— Вас было двое! Двое! И вы…
Слова клокочут у нее в горле, она замолкает, достает свой клетчатый платок, не спеша складывает его по-особому. Мама не шевелится. Голова ее все так же лежит посередине подушки, под подбородок подтянут пододеяльник с вышитой большой буквой «М». Глаза плотно закрыты. Но уродливая корка потеряла всякий цвет, а рот раскрыт…
— Сердце сдало! — говорит Морис.
— Доктора! Позовите доктора! — скулит Берта, которая начинает понимать и, хныча, топчет свои маргаритки, упавшие на пол.
Она схватила меня за руку. Морис — за другую. Мы ошеломленно смотрим, как Натали подвязывает платком еще не застывшую челюсть, затягивая узел на затылке: можно подумать, будто у мамы болят зубы и она послушно позволяет наложить себе компресс. И ледяная статуя, в которую я превратилась, спрашивает себя растерянно: чье сердце сдало — ее или наше? Нас было двое, нас было двое, и мы дали ей уйти одной.

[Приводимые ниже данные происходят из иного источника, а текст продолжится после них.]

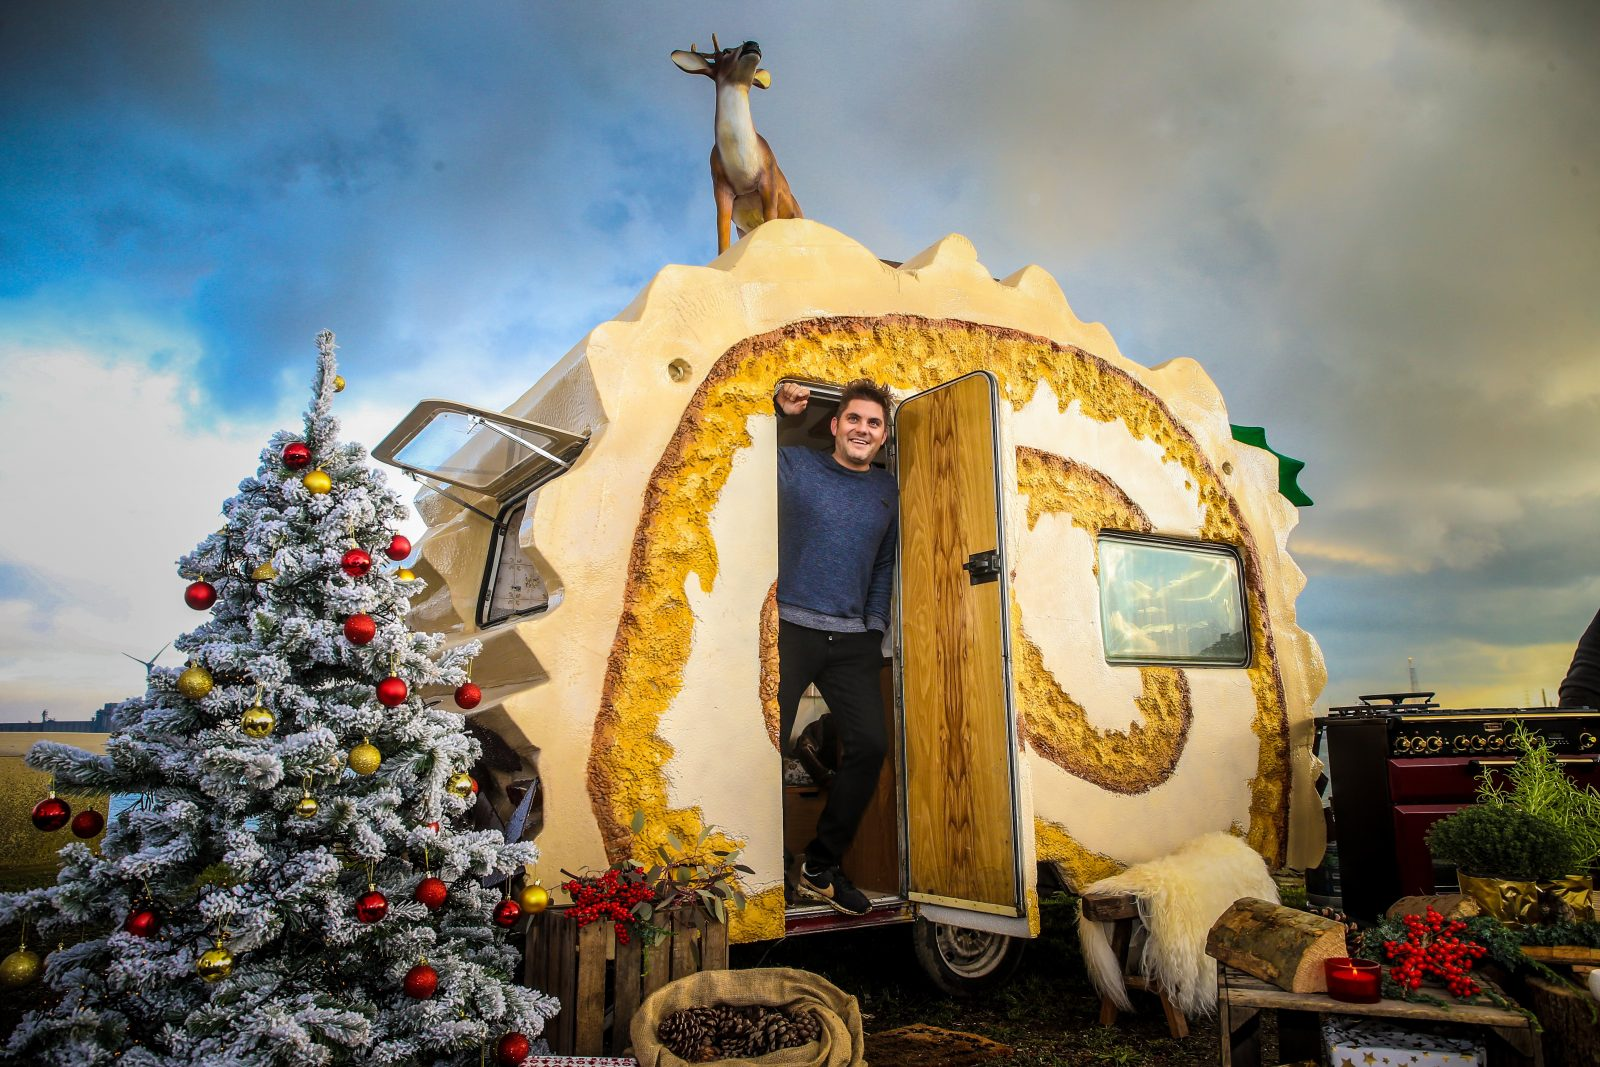 Bûche komt zo: Jeroen Meus zorgt voor het ideale kerstgeschenk!

Мы плохо представляем себе, что уносит с собой смерть, пока она не пришла и даже когда она уже пришла: труп — еще что-то весьма осязаемое, плоть еще покрывает будущие кости, кажется, будто он действительно спит тем самым последним сном, который для нас — последняя иллюзия.
Кончину своей матери я осознала полностью только тогда, когда ее клали в гроб. До тех пор я была лишь автоматом. Я завесила зеркала, убрала лекарства, сверкающие предметы, календарь, привела комнату в порядок, принесла скамеечки для молитвы и стулья, несколько раз становилась на бдение, принимала посетителей (очень малочисленных), выслушивала их соболезнования, притворялась, будто сплю, ем, участвую во всех тех вещах, которые изводят скорбящего, но в то же время занимают его время: заявление о смерти, срочное облачение в траур, письма-уведомления, устройство похорон, беготня за недостающим крепом, требуемой бумажкой… Я ясно слышала, как шепчутся соседки, мадам и мадемуазель Гомбелу, глядя на меня более увлажненными глазами, чем мои собственные; я видела, как наклоняют в заказном сочувствии голову торговцы, я торговалась о ценах, поскольку надо рядиться о своем трауре. На самом деле я едва соображала, что делаю, словно усыпленная горем, которое в слишком больших дозах становится морфием для самого себя.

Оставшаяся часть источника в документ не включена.